Unfortunately I started watching tv in the early 60s after the gov had pretty much homogenized and pasteurized much of the content. Probably the busiest spin off industry in broadcast tv in those days was the network nanny censors. They probably had more power than all the producers combined.
Like the contemporary Apple corp. that created multi-million dollar spin off industries orbiting around their products, TV electronics corporations also created much orbiting business around the tv’s. TV trays, Swanson TV dinners, the evolution (not) of remote control devices, etc. In fact these items created a mass migration from the dinner table to a TV dinner on a tv tray wherever the tv was located.
Several times I was allowed to visit Grandma several hundred miles away in Detroit when I was a tween. The highlight for me was her super comfy couch bed, bigger TV that didn’t always have to get whacked like our old Philco at home to bring it back to life, plus about double or triple the channels with shows like Bozo the Clown and Jack Lalanne & his dogs, and other cartoon/kids shows. I know, weird. Today if I had tweens there is no way in hell I’d put them on some 6 wheeled Greyhound Crazy bus around this country, no way!
My dad who was a protestant minister used to love shows like The Alfred Hitchcock hour, Paladin and some other stuff. Later in life he became glued to ‘Law & Order’ -anything-. Yet another wonder of the local universe.

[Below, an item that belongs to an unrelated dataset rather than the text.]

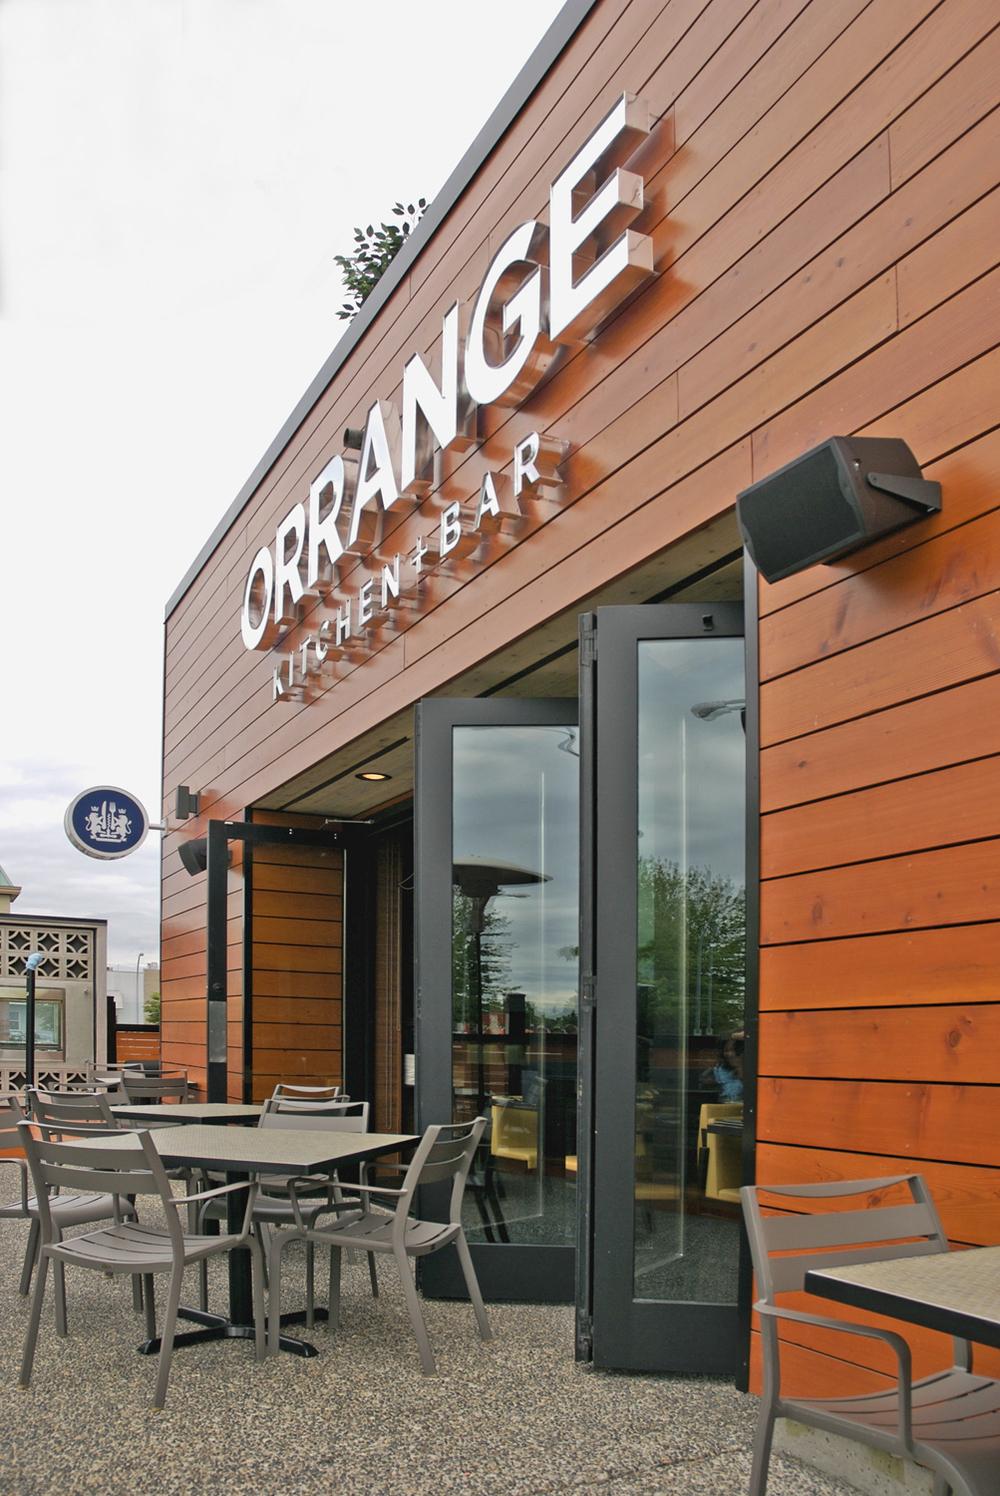 Orrange Restaurant

Yeah, the tv era is now pretty much gone, no more glued to the tube religiously watching the evening news. Today, everything is online, everything. I guess we’ve moved from tv dinners in front of the boob tube to gen-‘anys’ roaming around on foot and in/dodging car traffic staring at plastic slabs, almost never looking up to see where they are going. I used to wonder back in the late 60s and early 70s, when I noticed bumper stickers on cars that read, ‘kill your tv!”. I don’t wonder about that anymore.